TP028: Quantitative analysis of microRNA mediated regulation on competing endogenous RNAs
Date:Sunday, July 10 3:30 pm - 3:50 pm
Room: Northern Hemisphere A1/A2
Topic: SYSTEMS / GENES
  • Ye Yuan, Bioinformatics Division, Center for Synthetic and Systems Biology, Tsinghua National Laboratory for Information Science and Technology/Department of Automation, Tsinghua University, China
  • Bing Liu, Bioinformatics Division, Center for Synthetic and Systems Biology, Tsinghua National Laboratory for Information Science and Technology/Department of Automation, Tsinghua University, China
  • Peng Xie, Bioinformatics Division, Center for Synthetic and Systems Biology, Tsinghua National Laboratory for Information Science and Technology/Department of Automation, Tsinghua University, China
  • Michael Zhang, Department of Molecular and Cell Biology, Center for Systems Biology, University of Texas, Dallas, United States
  • Yanda Li, Bioinformatics Division, Center for Synthetic and Systems Biology, Tsinghua National Laboratory for Information Science and Technology/Department of Automation, Tsinghua University, China
  • Zhen Xie, Bioinformatics Division, Center for Synthetic and Systems Biology, Tsinghua National Laboratory for Information Science and Technology/Department of Automation, Tsinghua University, China
  • Xiaowo Wang, Bioinformatics Division, Center for Synthetic and Systems Biology, Tsinghua National Laboratory for Information Science and Technology/Department of Automation, Tsinghua University, China

Area Session Chair: Hagit Shatkay

Presentation Overview: Show

Each microRNA species can bind various types of target RNAs. Therefore, target RNAs could indirectly regulate each other by sequestering shared microRNAs. This phenomenon is called competing endogenous RNAs (ceRNA) effect. The off-target phenomenon in RNAi technology is also closely related to this effect. With the combination of systems biology modeling analysis and synthetic biology experiments, we established a mathematical model to describe the microRNA regulation and built relative synthetic gene circuits in cultured human cells to quantify the ceRNA effect under variable conditions. The results suggested that the ceRNA effect is affected by the abundance of microRNA and targets, the number and affinity of binding site, and the mRNA degradation pathway determined by the degree of microRNA-mRNA complementarity. Furthermore, a non-reciprocal competing effect of microRNA and RNAi was also demonstrated, while providing a new direction for the improvement of RNAi technology.
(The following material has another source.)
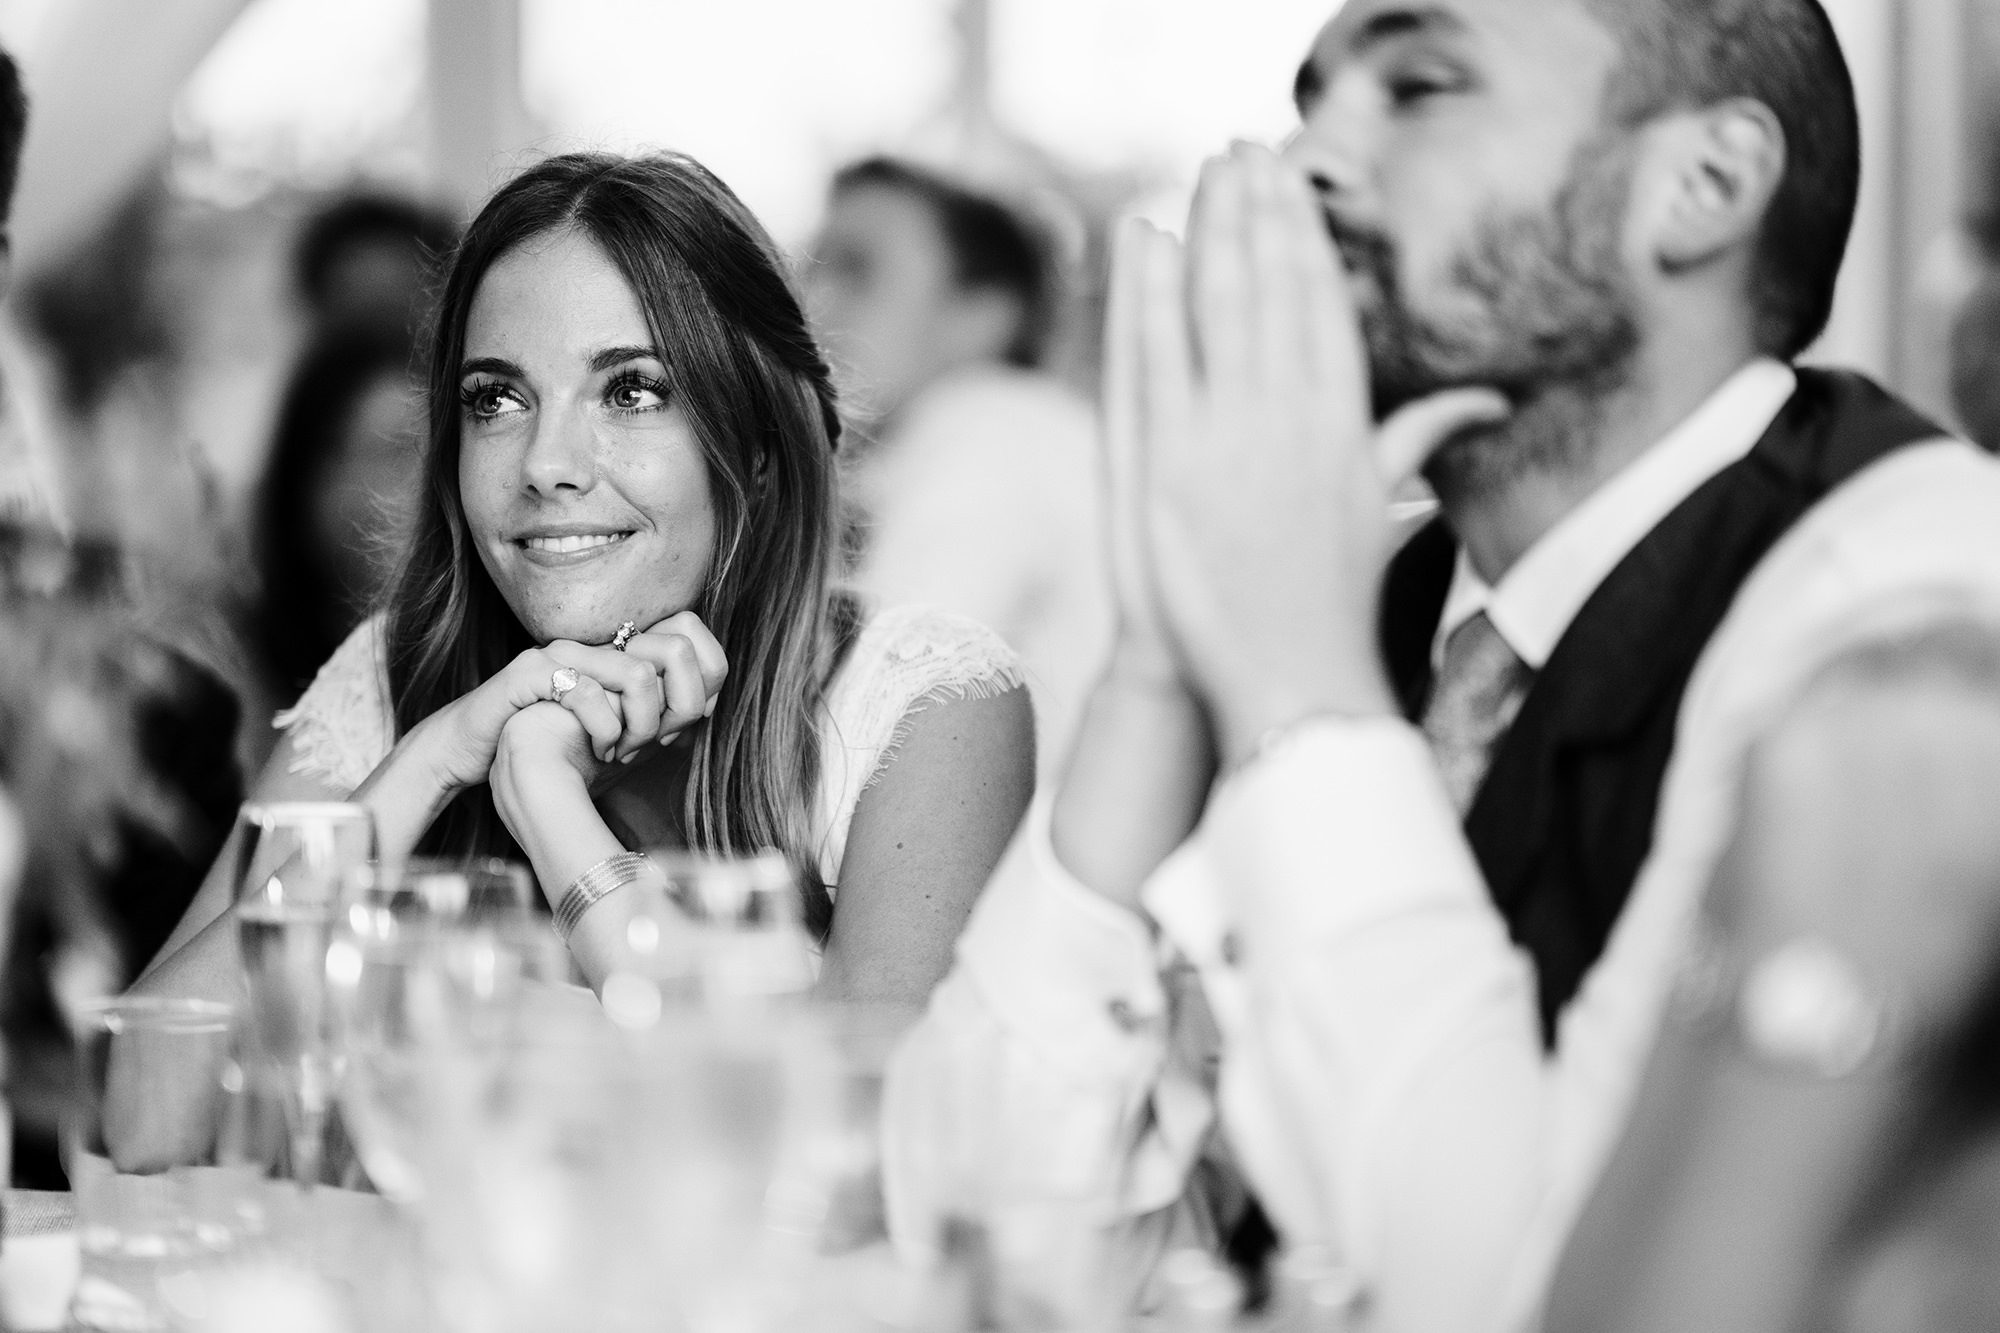 bridesmaid looks emotional during London wedding speeches

TP034: Identification of essential molecular and cellular processes controlling the response time and intensity of inflammation
Date:Sunday, July 10 4:10 pm - 4:30 pm
Room: Northern Hemisphere A1/A2
Topic: SYSTEMS / DISEASE
  • Alexander Mitrophanov, Department of Defense Biotechnology High Performance Computing Software Applications Institute, United States
  • Sridevi Nagaraja, Department of Defense Biotechnology High Performance Computing Software Applications Institute, United States
  • Jaques Reifman, Department of Defense Biotechnology High Performance Computing Software Applications Institute, United States

Area Session Chair: Hagit Shatkay

Presentation Overview: Show

Pathological inflammation, including inflammatory response with exaggerated intensity (sepsis) or with delayed resolution (chronic inflammation), has defied attempts at efficacious treatment. Here, we developed and applied a computational strategy to demonstrate how specific molecular and cellular components can be manipulated to achieve targeted modulation of the inflammatory response time and intensity. The strategy was based on comprehensive sensitivity and correlation analyses using our recently developed kinetic model that can represent thousands of possible inflammation scenarios. We identified three molecular mediators whose inhibition may robustly restore pathological inflammation to its normal course. We found that inflammation timing was more difficult to control than its intensity. Yet, simultaneous inhibition of two distinct targets suggested a reliable means to normalize both excessively strong and abnormally prolonged inflammatory responses. Our model was validated with existing experimental data and suggested new in vivo experiments.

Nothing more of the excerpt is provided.